Début décembre, Warner a fait une annonce qui a eu l'effet d'un coup de tonnerre dans le monde du cinéma: tous ses films prévus pour 2021 sortiront simultanément dans les salles et sur la plateforme de streaming HBO Max.
Parmi ces films, plusieurs blockbusters (The Suicide Squad, Matrix 4, Tom et Jerry) qui, dans un contexte pré-Covid, auraient sans doute fait se déplacer des millions de personnes dans les cinémas. Si cette annonce a mis en colère les exploitants de salles obscures et certains réalisateurs, les pirates, en revanche, se réjouissent.

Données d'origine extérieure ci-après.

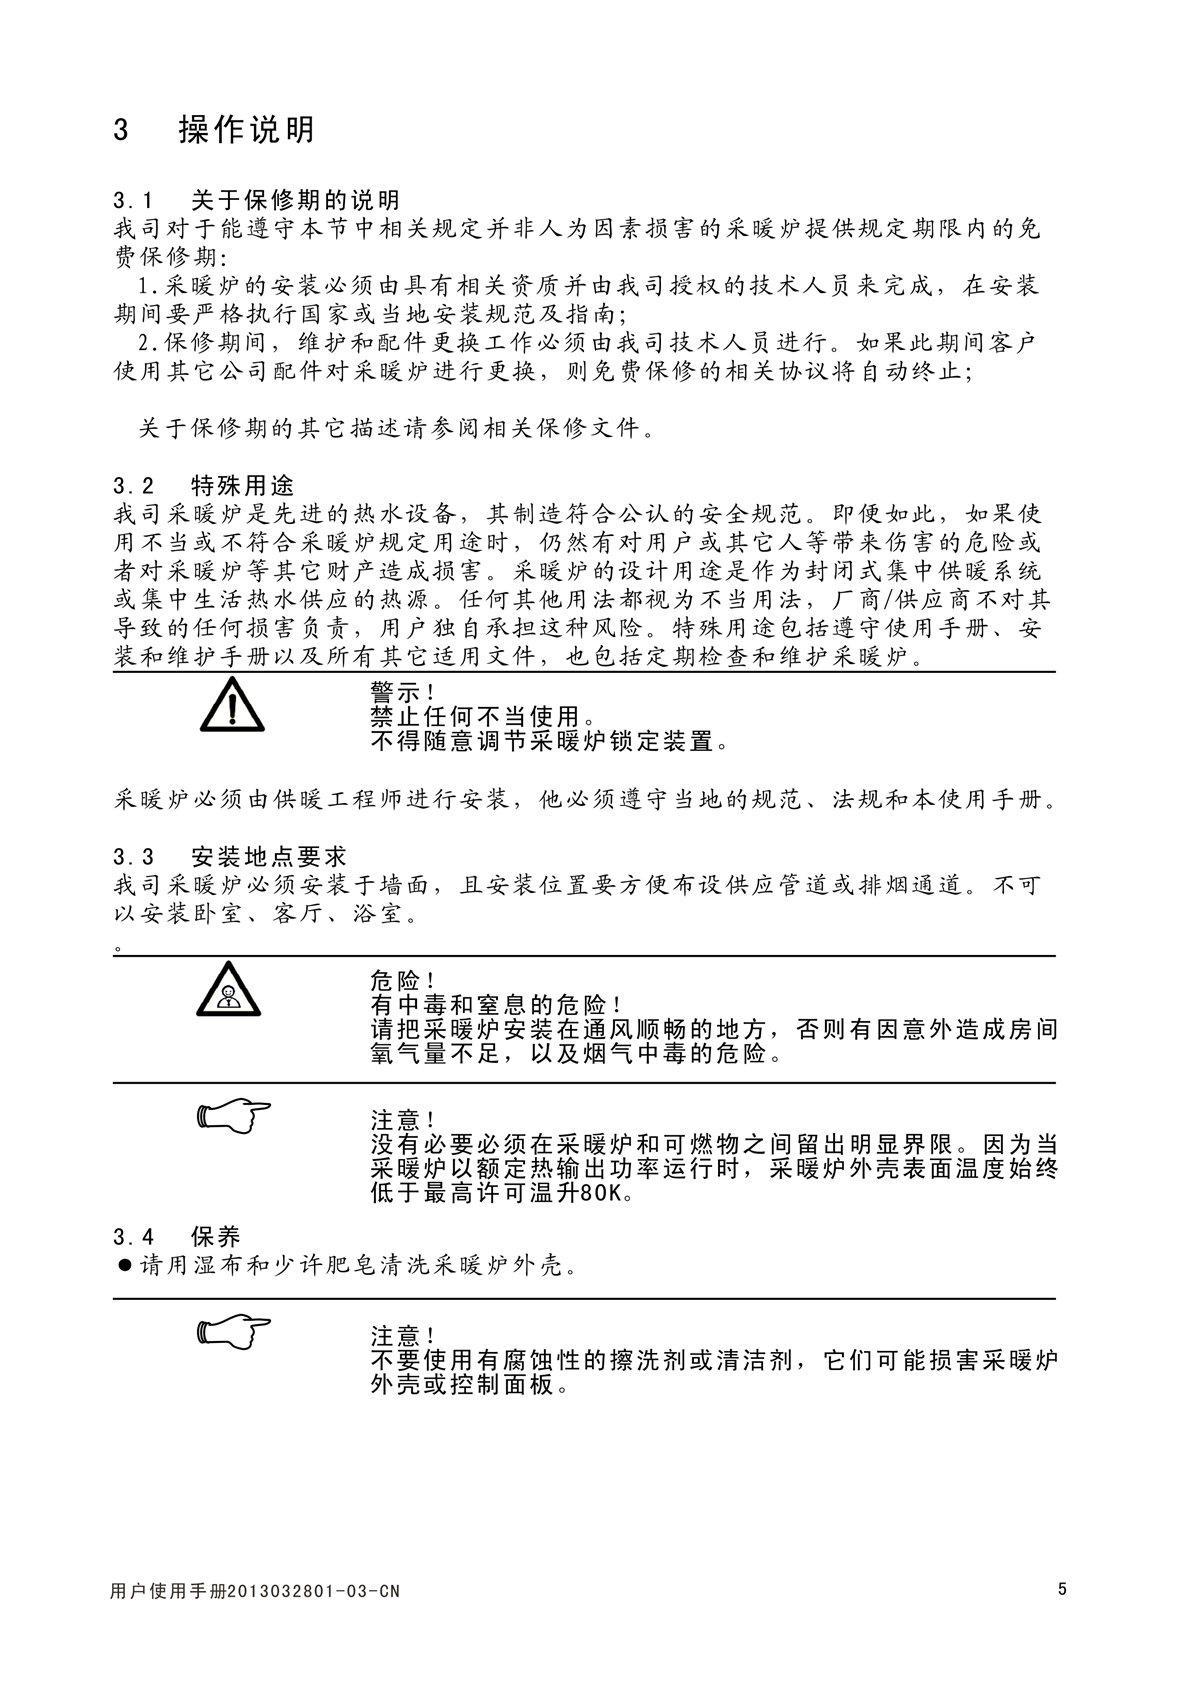 ES06系列-用户使用手册-6_02.jpg

Car tant qu'un film n'est disponible qu'au cinéma, il n'est généralement pas présent sur les sites illégaux de streaming et de téléchargement. Au pire, une version «cam» est disponible, enregistrée clandestinement dans une salle mais disposant d'une qualité vidéo et audio désastreuse.
Or, à la seconde où un film est diffusé à la télévision, sur internet ou sur support optique, des copies illégales surgissent un peu partout sur le web, et il est impossible de revenir en arrière.
Logiquement, ce devrait être un risque supplémentaire pour les studios. Mais Wired, par la plume d'Abigail De Kosnik, directrice du Berkeley Center for New Media, souligne que ce n'est pas forcément le cas.
Sauvez un studio, piratez un film
Une personne qui regarde un film piraté ne représente pas nécessairement un manque à gagner pour un studio. Certes, elle ne paye pas son billet mais elle pourra tout de même faire la promotion du long-métrage sur les réseaux sociaux, acheter des produits dérivés ou contribuer à populariser une franchise.
Le meilleur exemple est certainement Game of Thrones, série la plus piratée de l'histoire et plus souvent visionnée illégalement que légalement. La masse des pirates a contribué à faire de la série un phénomène culturel, ce qui l'a en retour rendue extrêmement profitable.
Le studio qui bénéficiera le plus de ce phénomène sera certainement Disney. L'entreprise profite certes des places de cinéma, ainsi que des abonnements à Disney+. Mais son business repose aussi sur ses parcs d'attraction, ses croisières et, surtout, sur ses millions de produits dérivés: les revenus issus de ces gadgets divers seront sans doute dopés par un accès large et rapide au vaste nouveau catalogue en préparation, et ce même s'il est partiellement illégal.
Le piratage peut aussi se révéler bénéfique à la logique de production des franchises. Car si telle ou telle œuvre bénéficie d'un bouche-à-oreille positif grâce à sa diffusion illégale, les fans savent que des tonnes de suites et de spin-off suivront bientôt sur les plateformes de streaming, les poussant vers un éventuel abonnement.
Le 10 décembre, Disney a ainsi annoncé une avalanche de séries Marvel et Star Wars. Par forcément une bonne nouvelle pour la créativité et la novation, mais peut-être une excellente perspective pour les actionnaires, piratage ou pas.